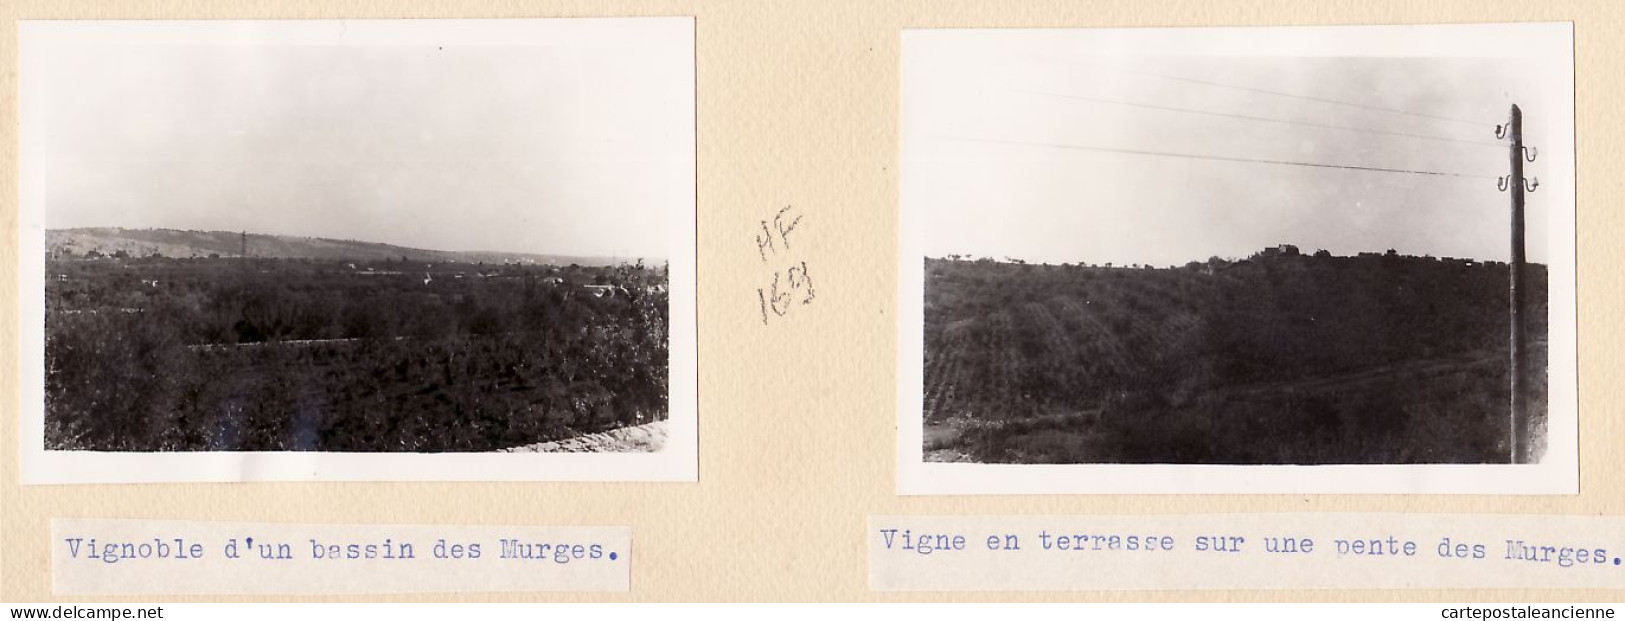 26773 / ⭐ ♥️ MURGES MURGE Vigneto Vasca Abbatto 1955 Italia Puglia 2 Fotografie 10x7 Vignes Vignoble Bassin Terrasse  - Luoghi
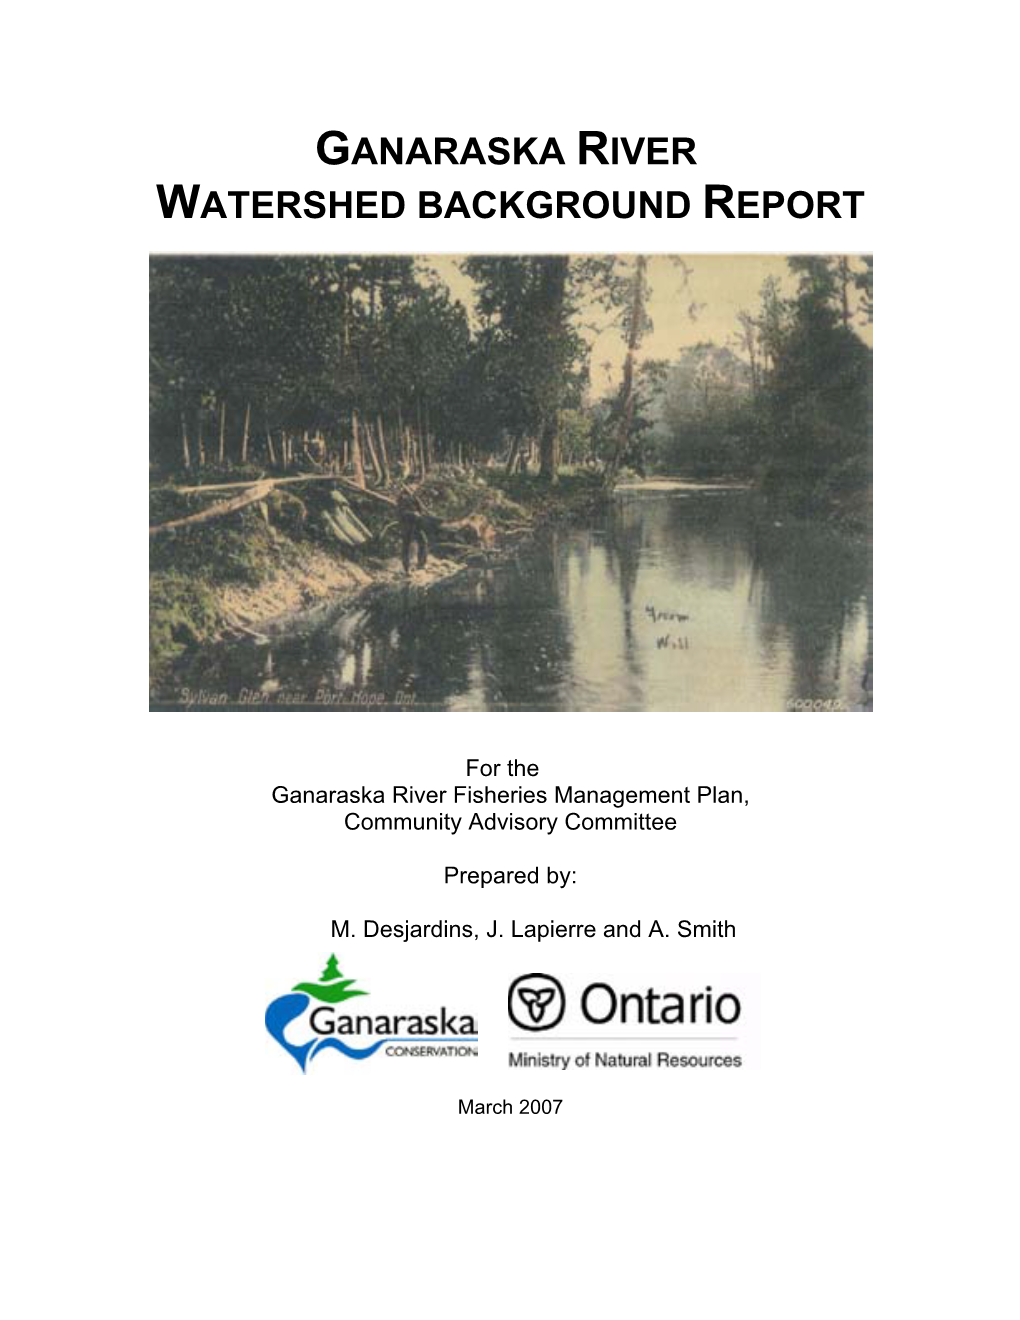 Ganaraska River Watershed Background Report
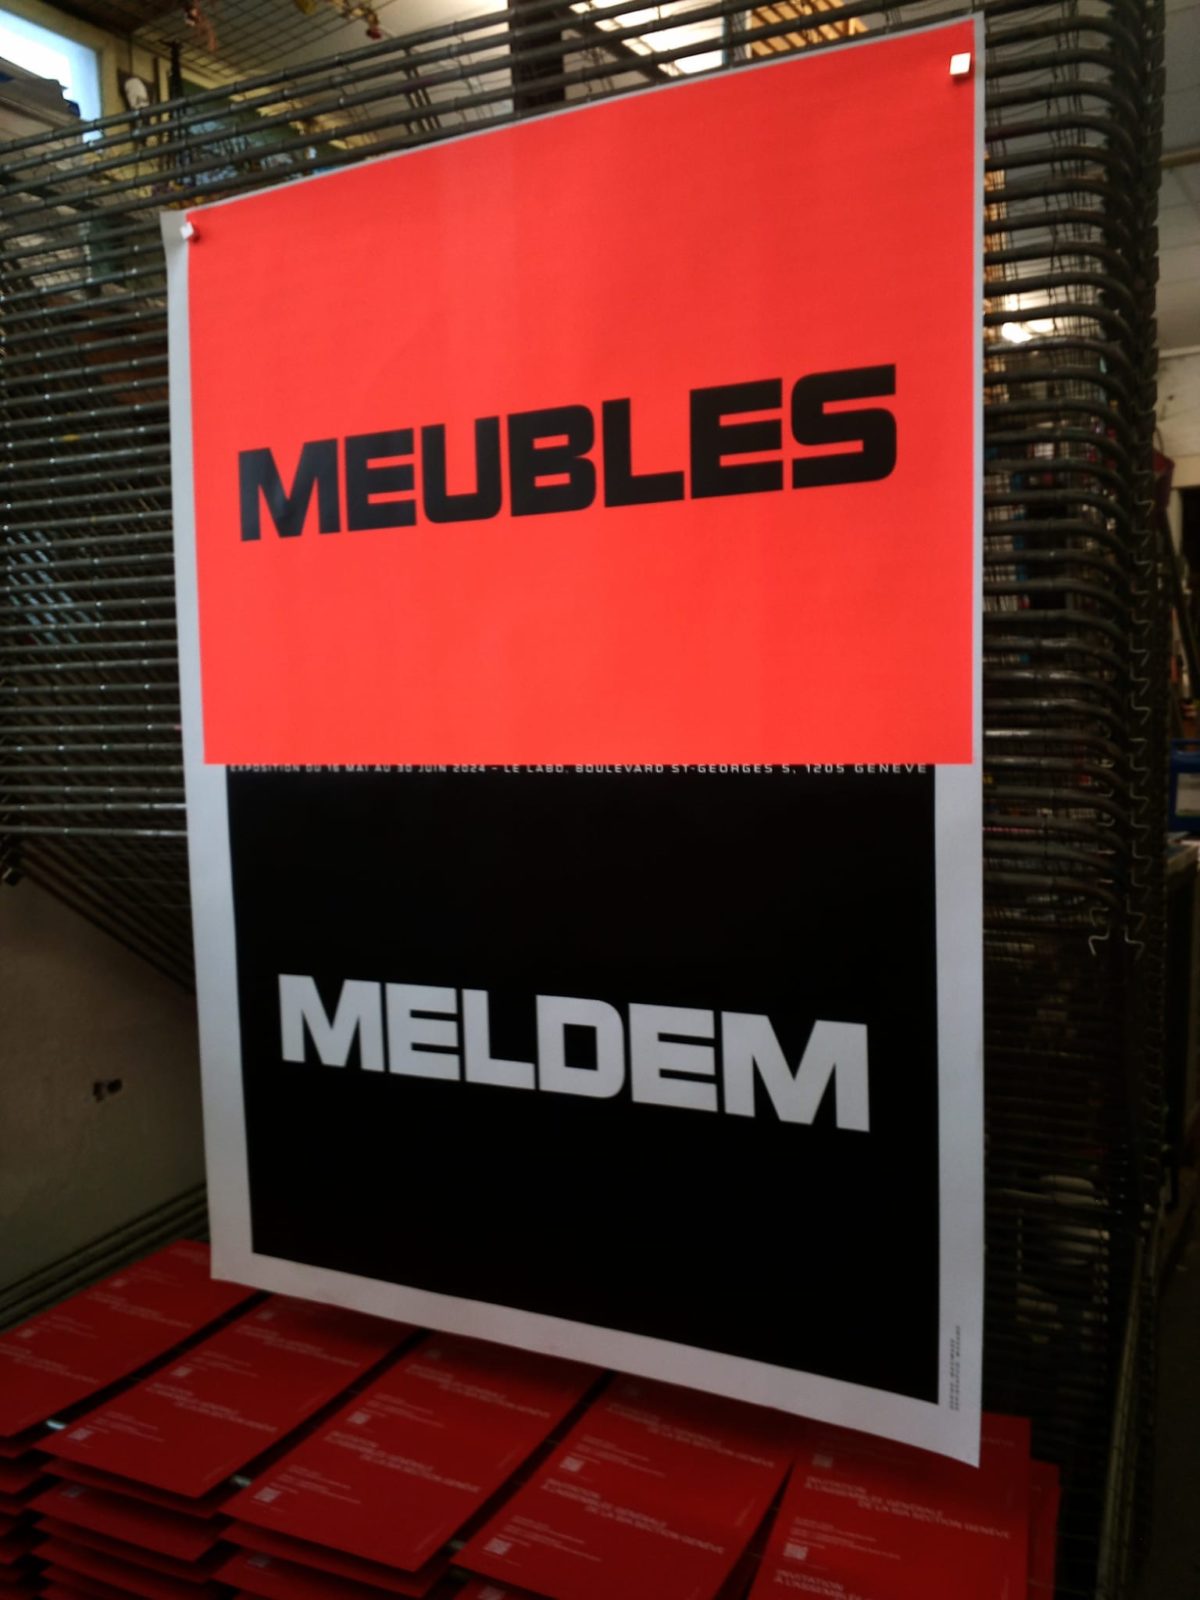 Prochaine exposition : MEUBLES MELDEM vernissage le 16 mai

### [EXERCISE DETAILS]
Return the material word for word. Pictures are not part of the copy.

### [THE COMPLETED TASK]
 26773 / ⭐ ♥️ MURGES MURGE Vigneto Vasca Abbatto 1955 Italia Puglia 2 Fotografie 10x7 Vignes Vignoble Bassin Terrasse  - Luoghi
 Ganaraska River Watershed Background Report
 Prochaine exposition : MEUBLES MELDEM vernissage le 16 mai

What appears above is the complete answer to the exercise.